◆ EXTRACTED INFORMATION
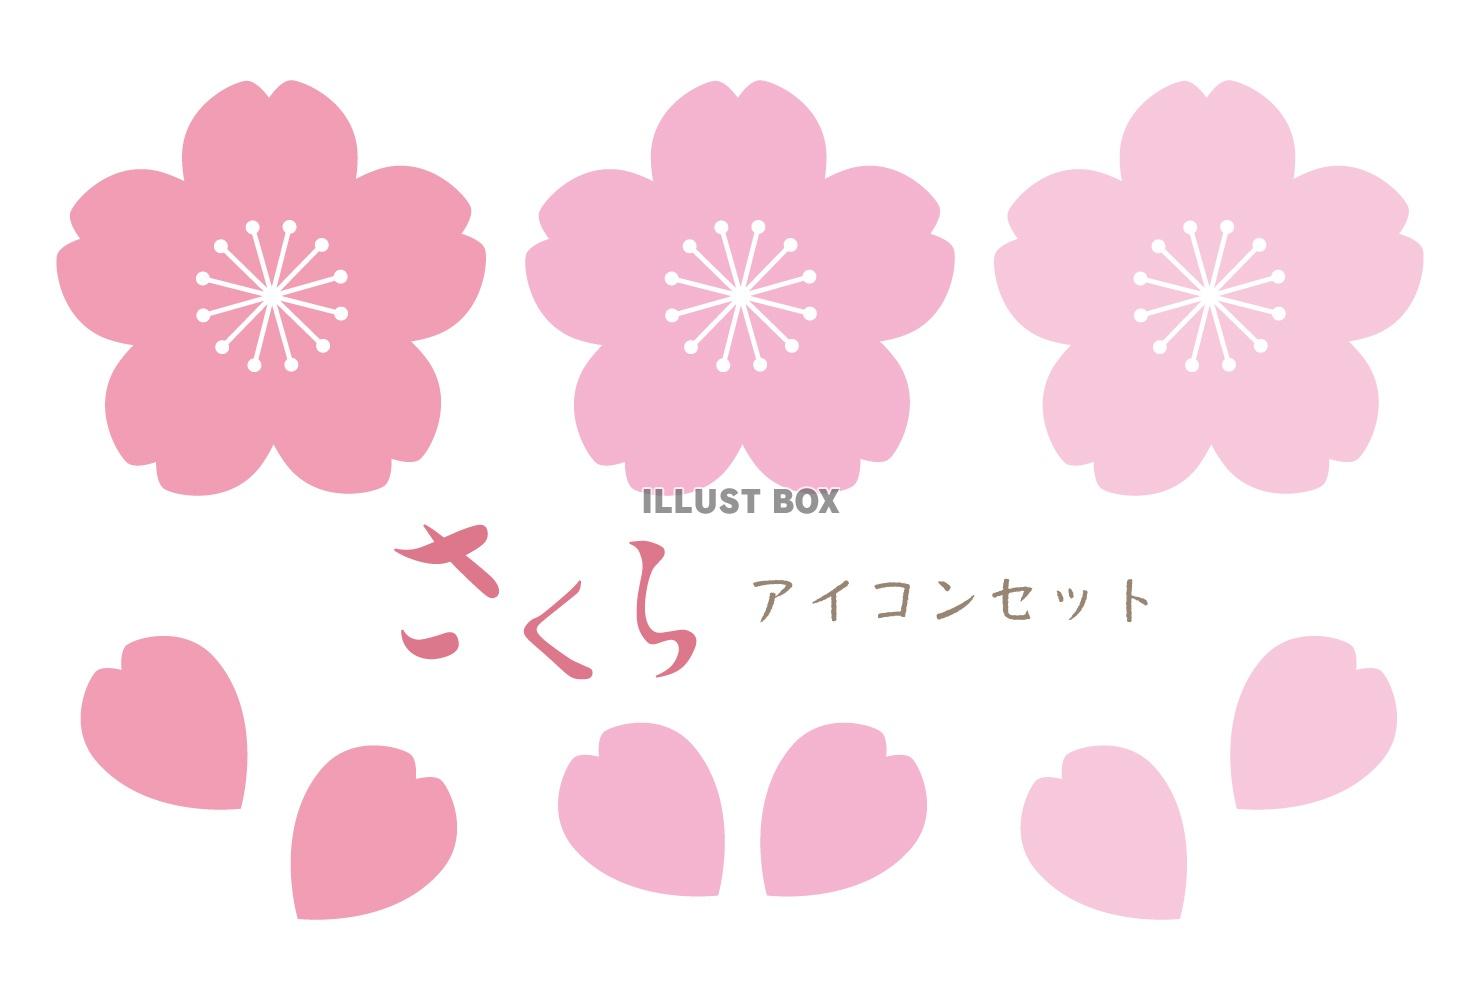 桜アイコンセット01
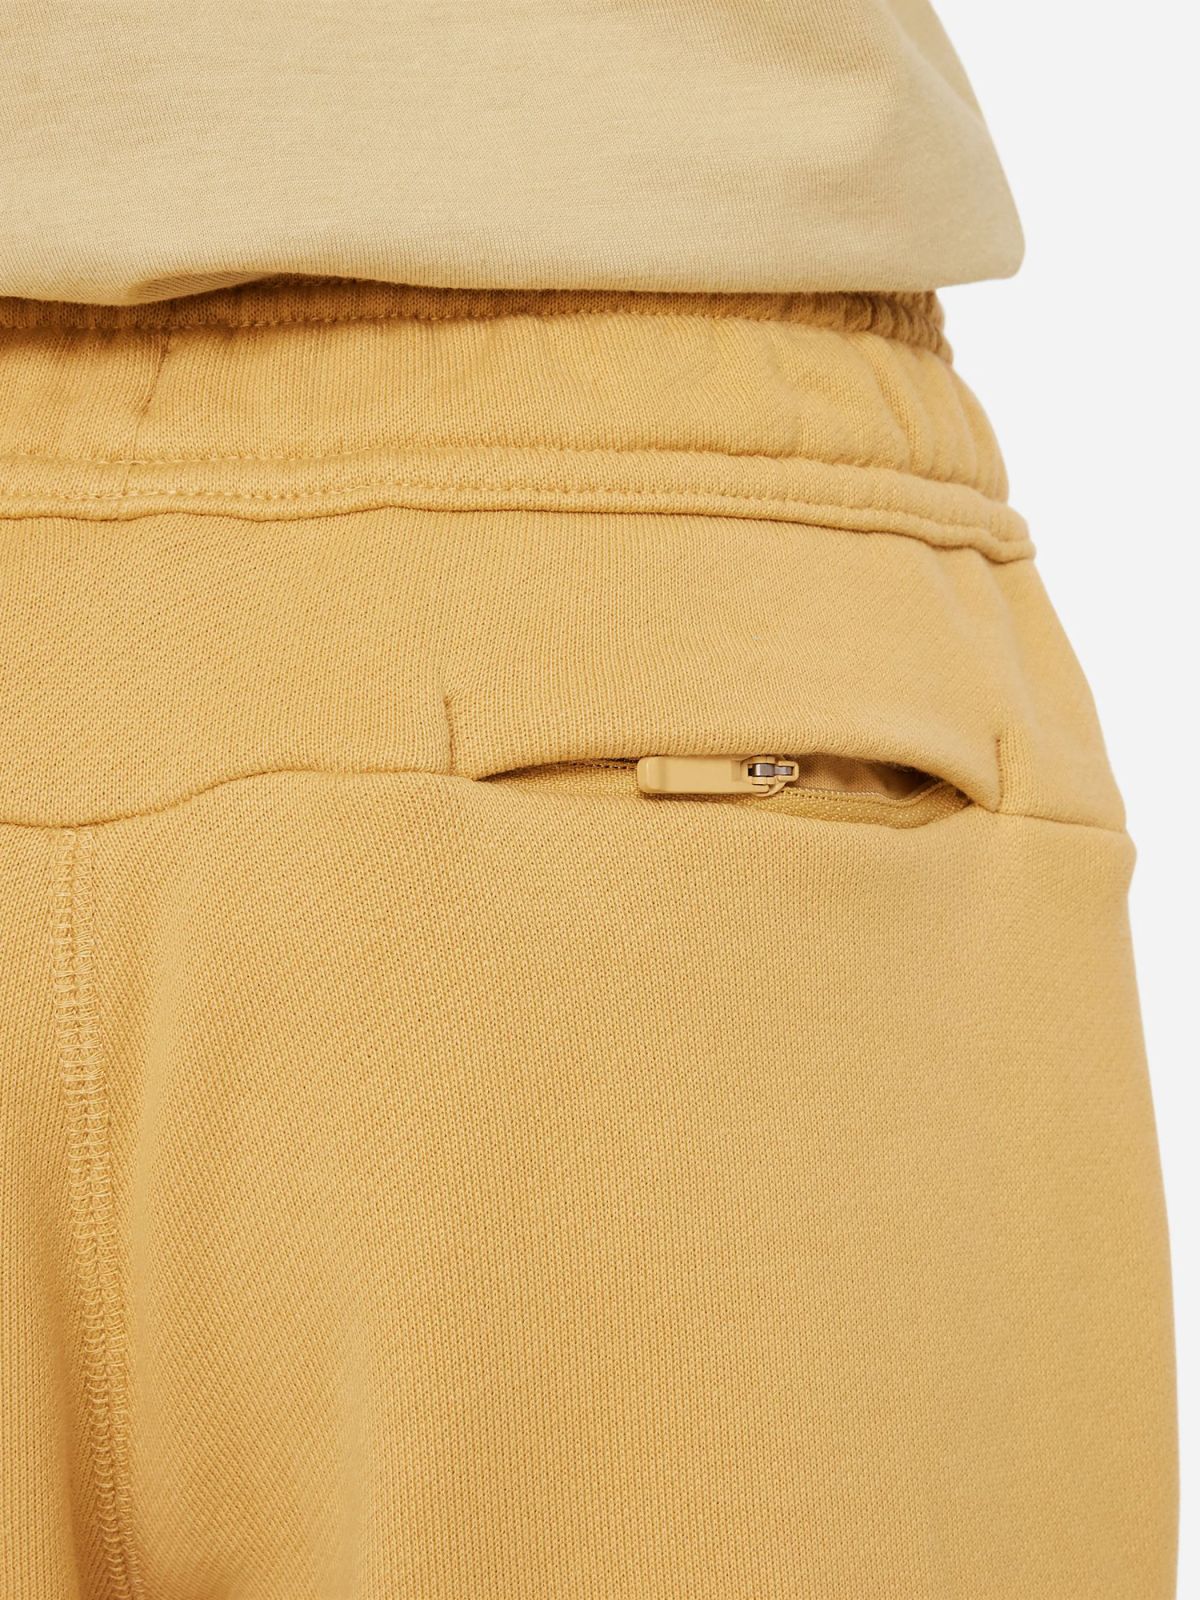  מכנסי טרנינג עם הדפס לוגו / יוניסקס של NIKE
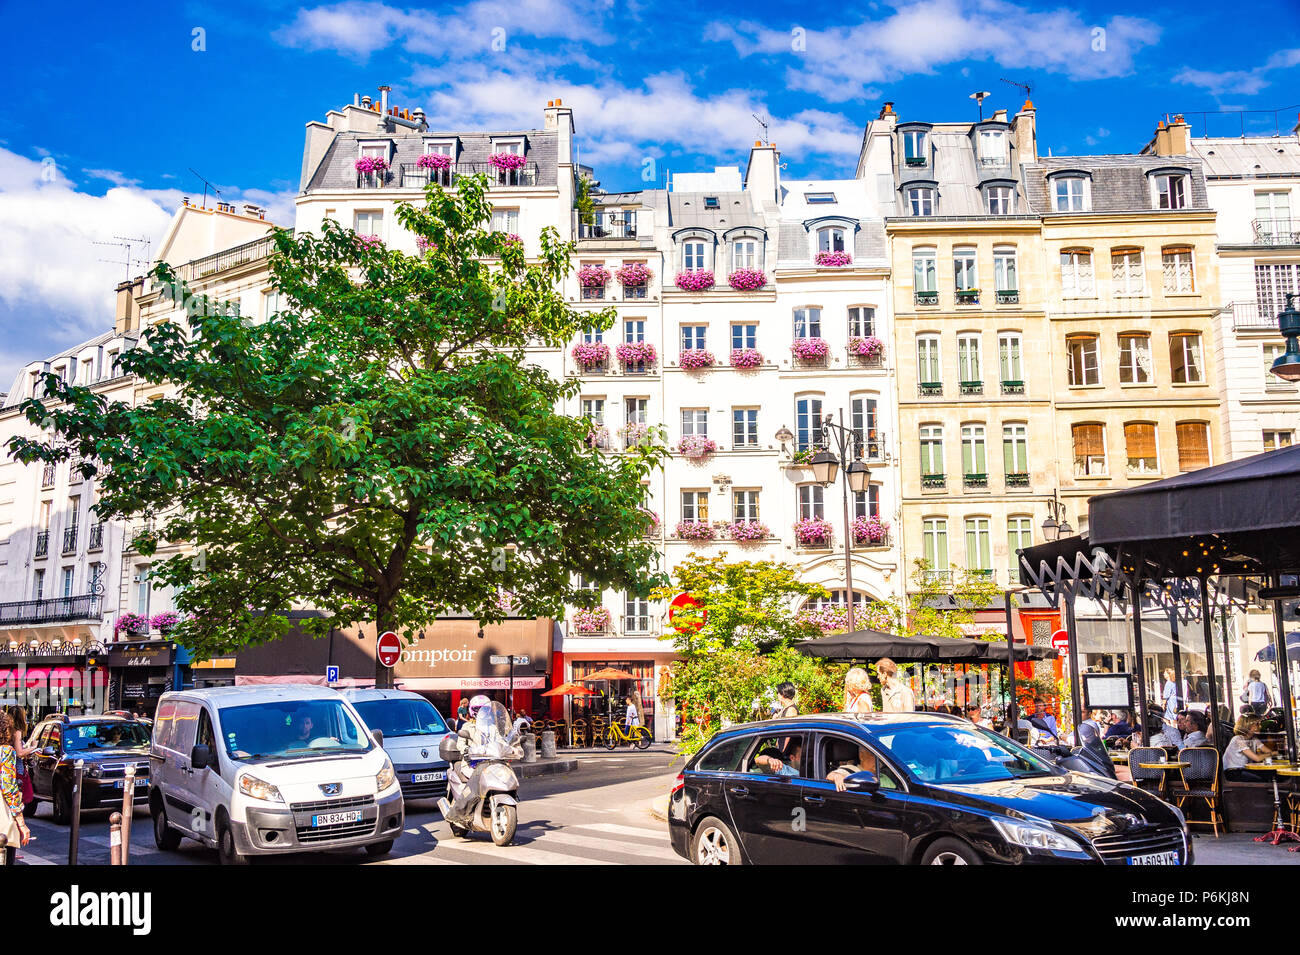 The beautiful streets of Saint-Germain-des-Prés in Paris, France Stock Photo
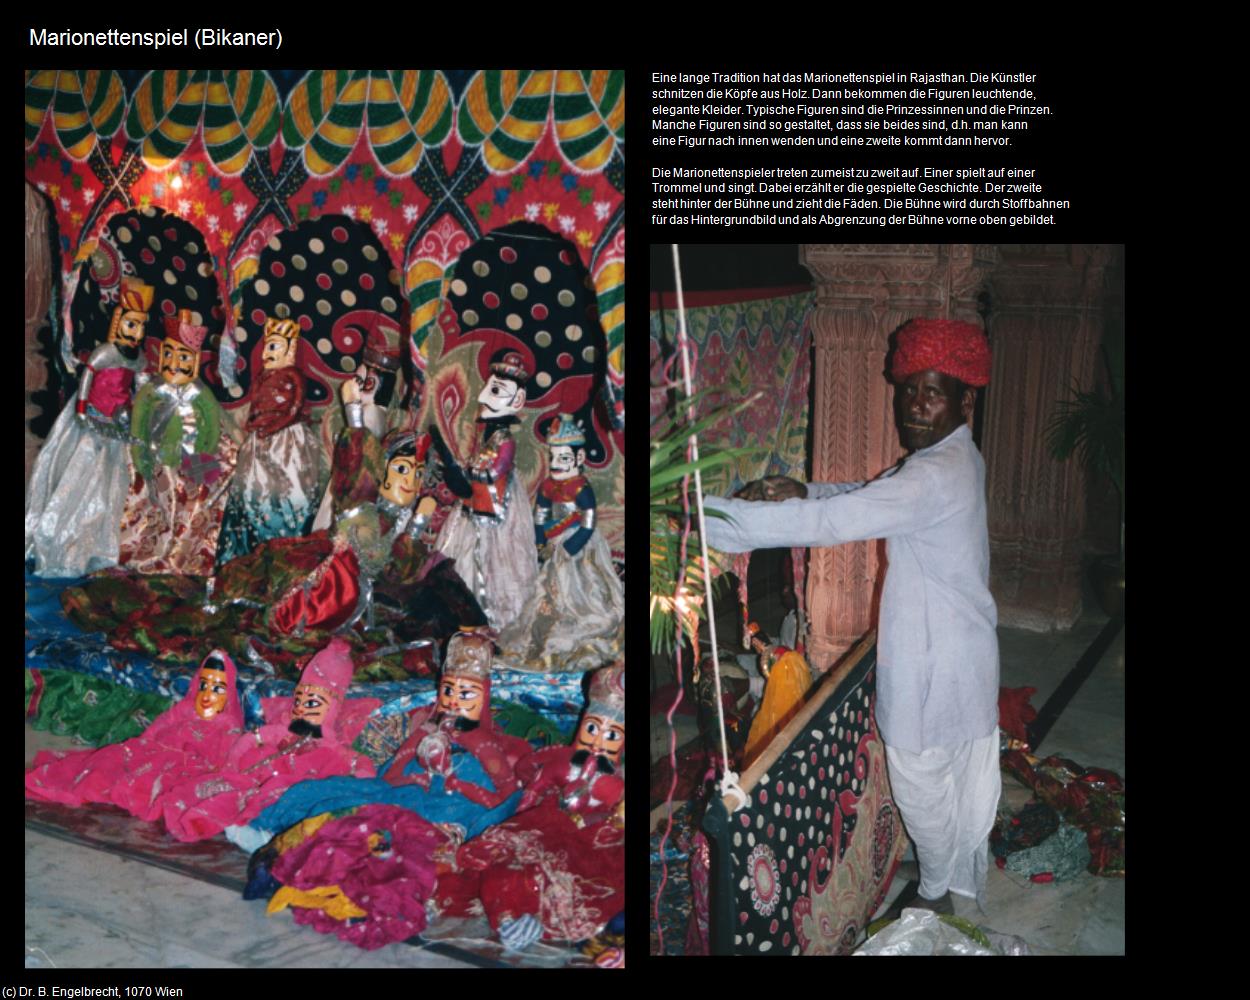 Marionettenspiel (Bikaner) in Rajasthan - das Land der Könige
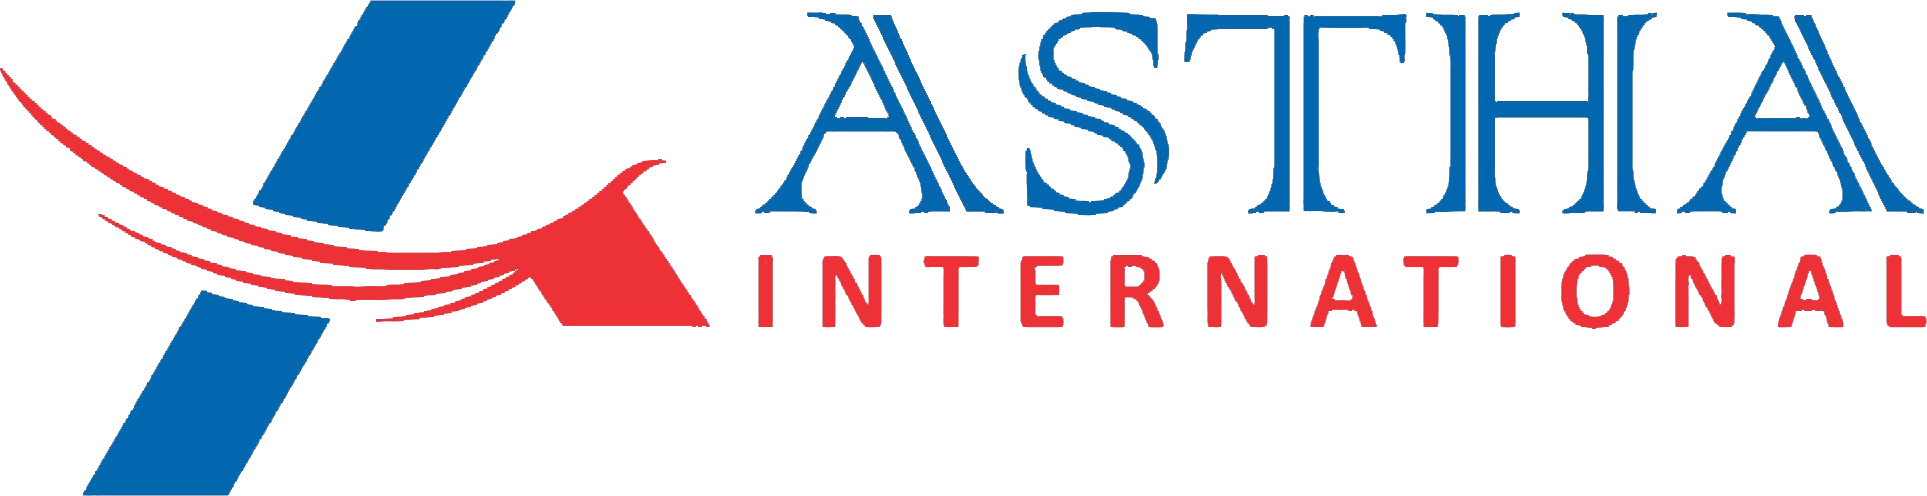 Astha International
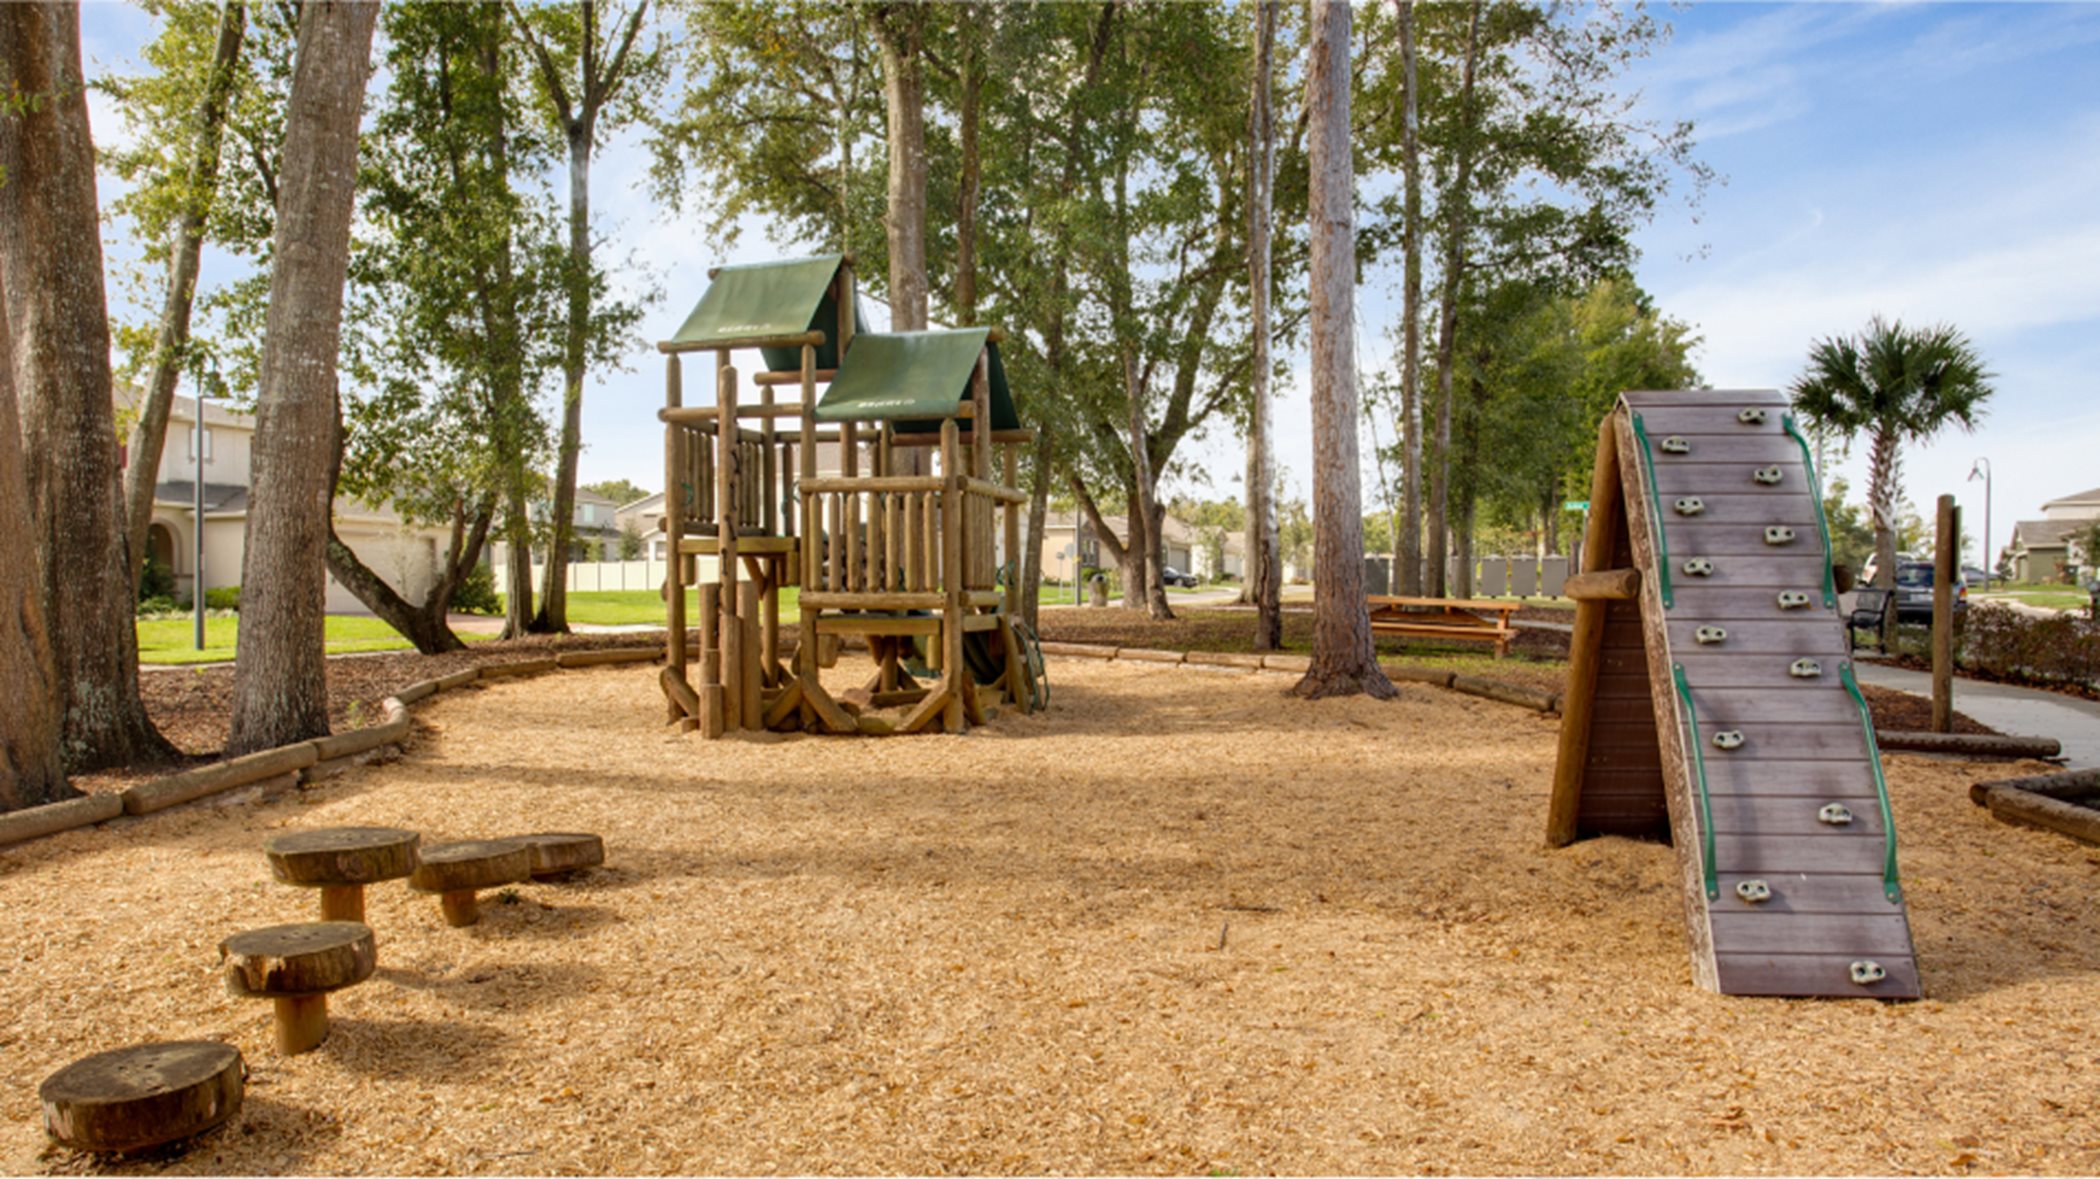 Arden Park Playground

◆ WHAT YOU SHOULD DO
Print the whole listing above exactly, and keep every picture out of the copy.

◆ OUTPUT FOR THIS TASK
 桜アイコンセット01
  מכנסי טרנינג עם הדפס לוגו / יוניסקס של NIKE
 The beautiful streets of Saint-Germain-des-Prés in Paris, France Stock Photo
 Marionettenspiel (Bikaner) in Rajasthan - das Land der Könige
 Astha International
 Arden Park Playground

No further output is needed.